A public cloud is managed by a vendor and typically supports multiple consumers using the same infrastructure. Also, a public cloud, as opposed to a private cloud, can free up the end users from managing the hardware. A private cloud may be managed by the organization itself and the infrastructure is typically not shared with other organizations. The organization still maintains the hardware to some extent, such as installations and repairs, etc.

The embodiment shown in FIG. 11 specifically shows that all or portions of systems 100 and 300 can be located in cloud 502 (which can be public, private, or a combination where portions are public while others are private). Therefore, user 126, 307 uses a user device 504 to access those systems through cloud 502.

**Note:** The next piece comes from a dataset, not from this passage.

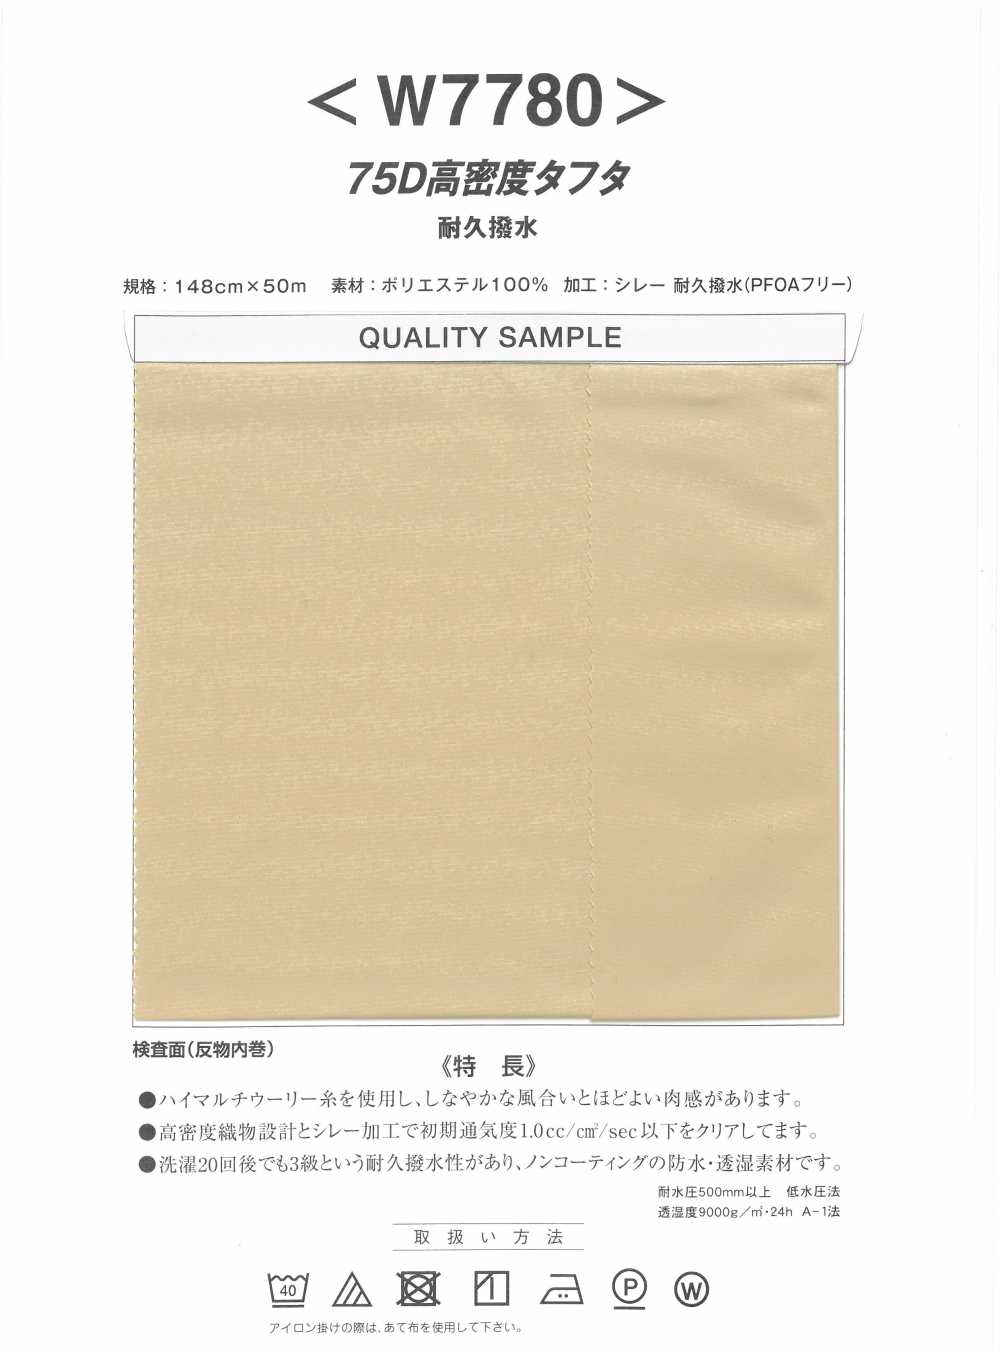 W7780 75D High Density Taffeta[Textile] Nishiyama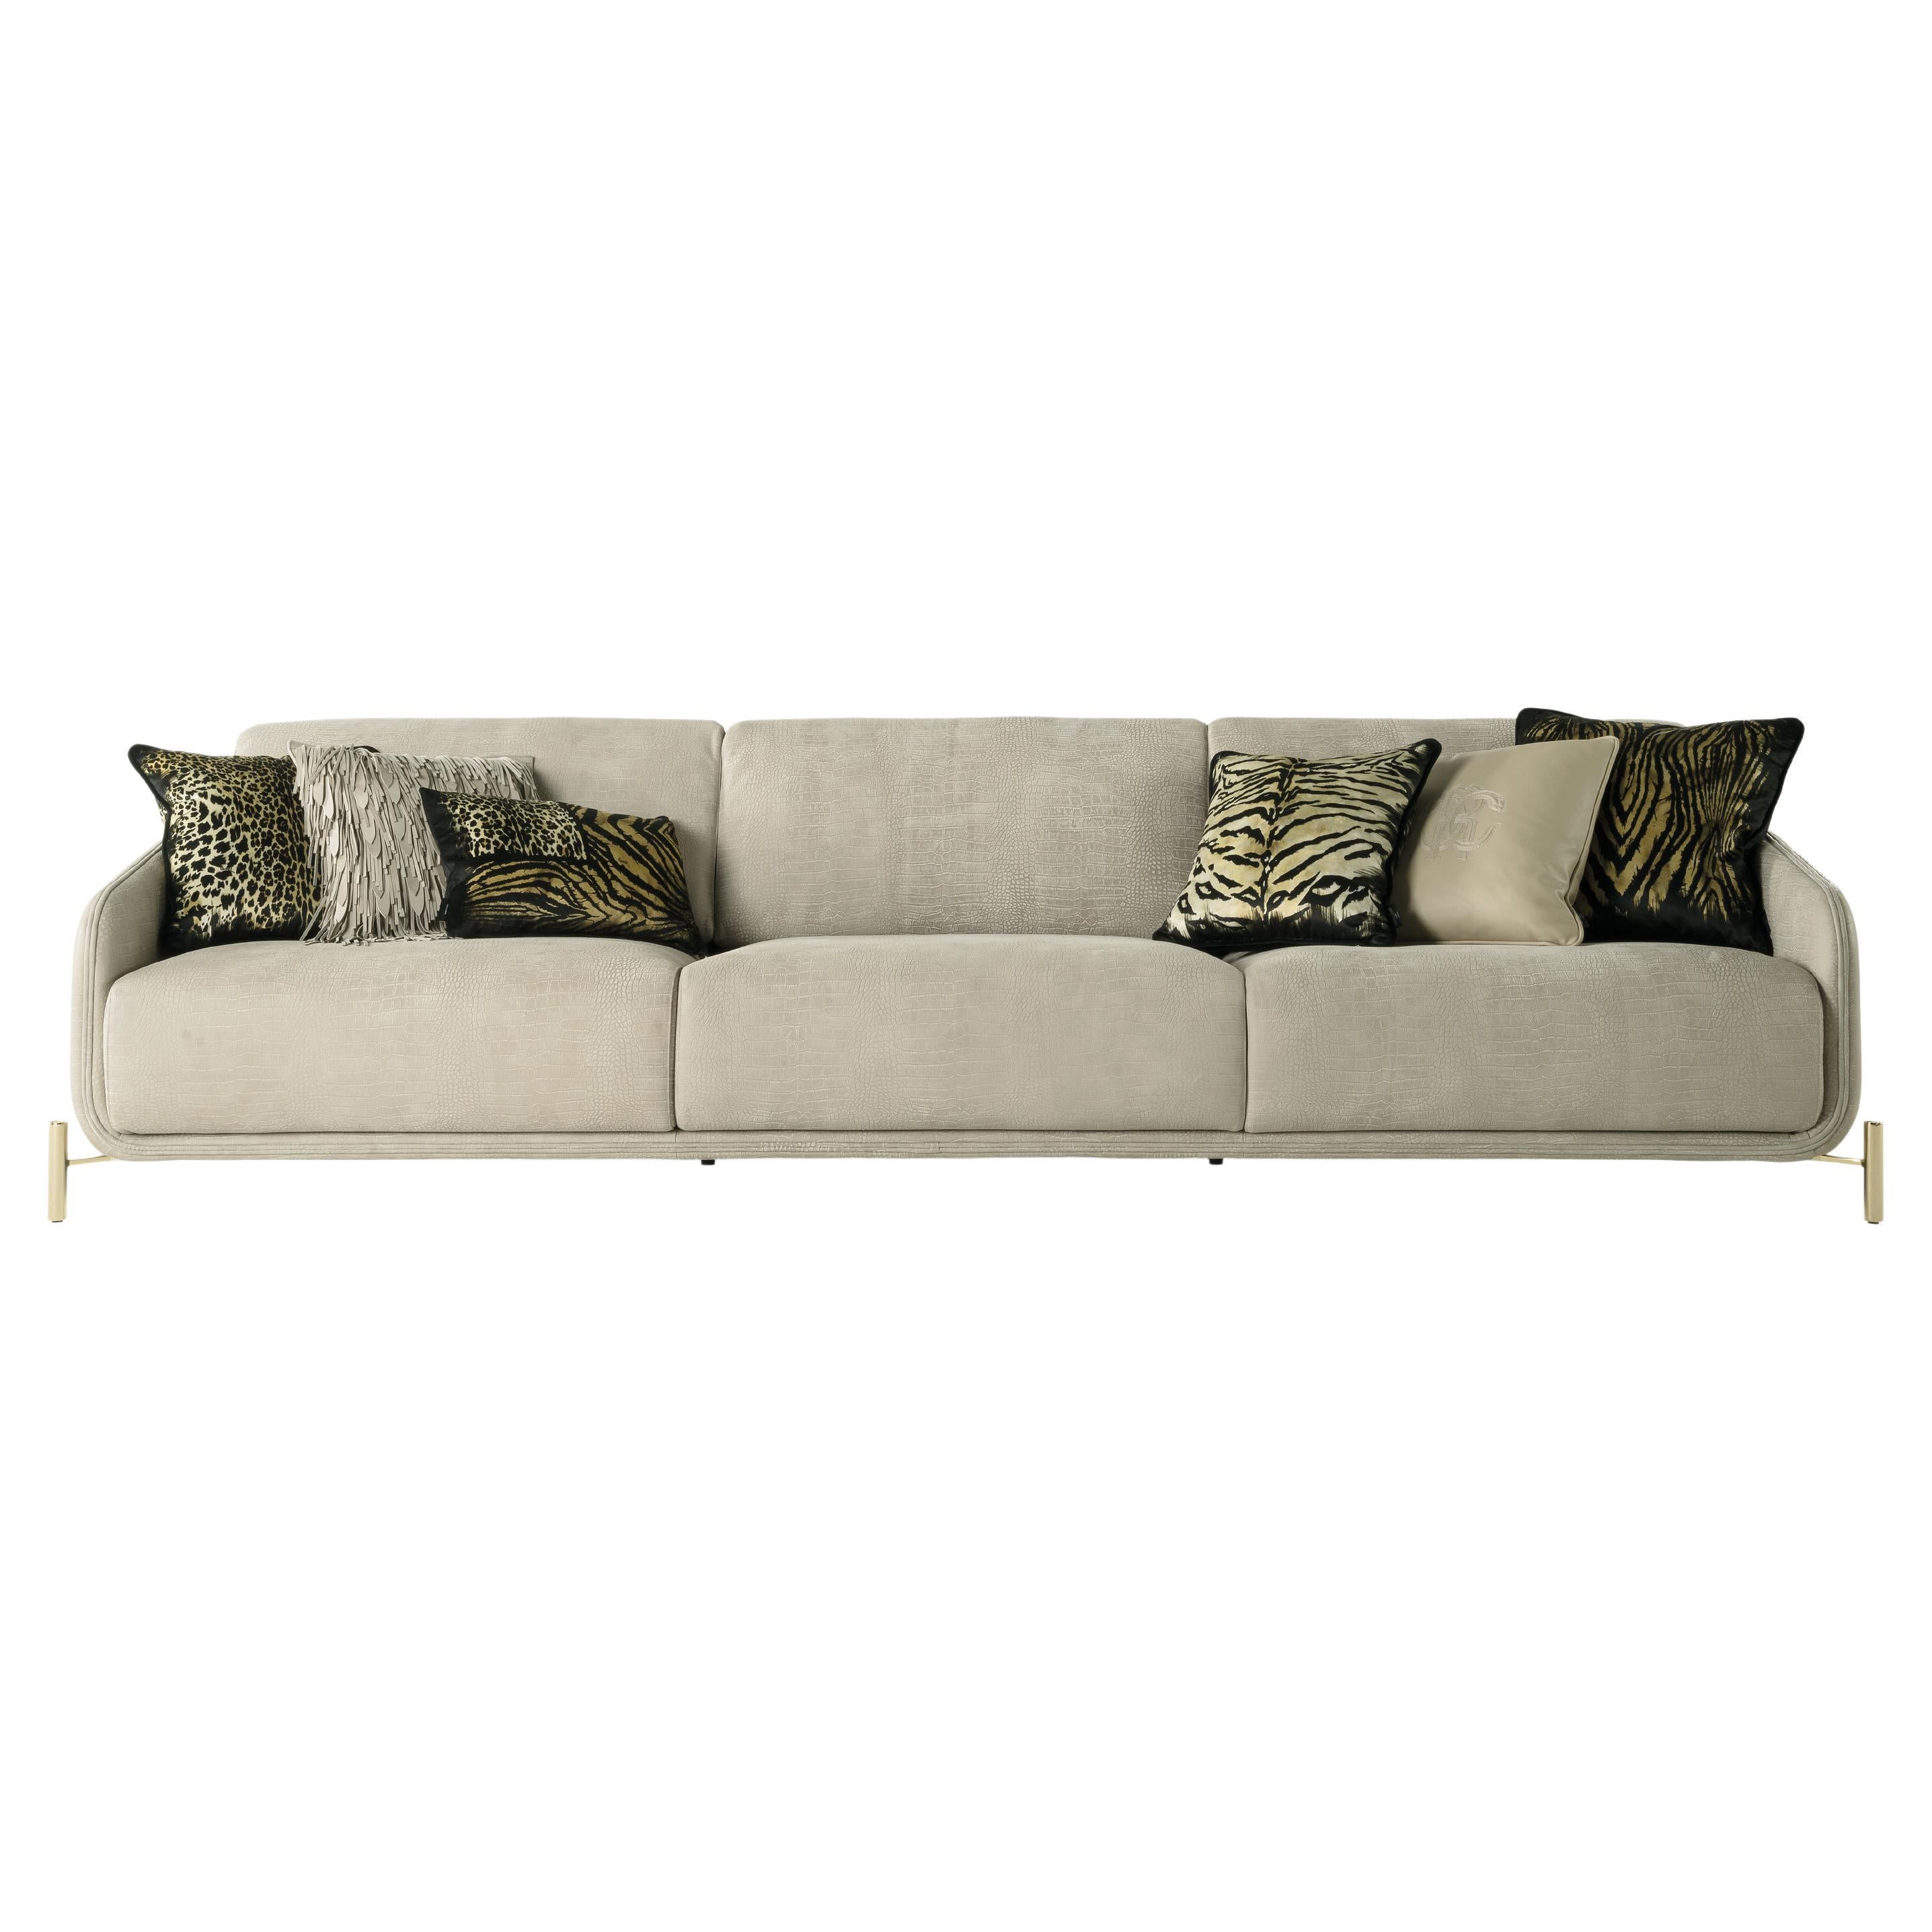 Clifton-Sofa aus Leder des 21. Jahrhunderts von Roberto Cavalli Home Interiors

FIG. 11 also depicts another embodiment of a cloud architecture. FIG. 11 shows that it is also contemplated that some elements of systems 100 and 300 are disposed in cloud 502 while others are not. By way of example, data stores 108, 110, 306 can be disposed outside of cloud 502, and accessed through cloud 502. In another embodiment, some or all of the components of systems 100 and 300 are also outside of cloud 502. Regardless of where they are located, they can be accessed directly by device 504, through a network (either a wide area network or a local area network), they can be hosted at a remote site by a service, or they can be provided as a service through a cloud or accessed by a connection service that resides in the cloud. FIG. 11 further shows that some or all of the portions of systems 100 and 300 can be located on device 504. All of these architectures are contemplated herein.

It will also be noted that systems 100 and 300, or portions of them, can be disposed on a wide variety of different devices. Some of those devices include servers, desktop computers, laptop computers, tablet computers, or other mobile devices, such as palm top computers, cell phones, smart phones, multimedia players, personal digital assistants, etc.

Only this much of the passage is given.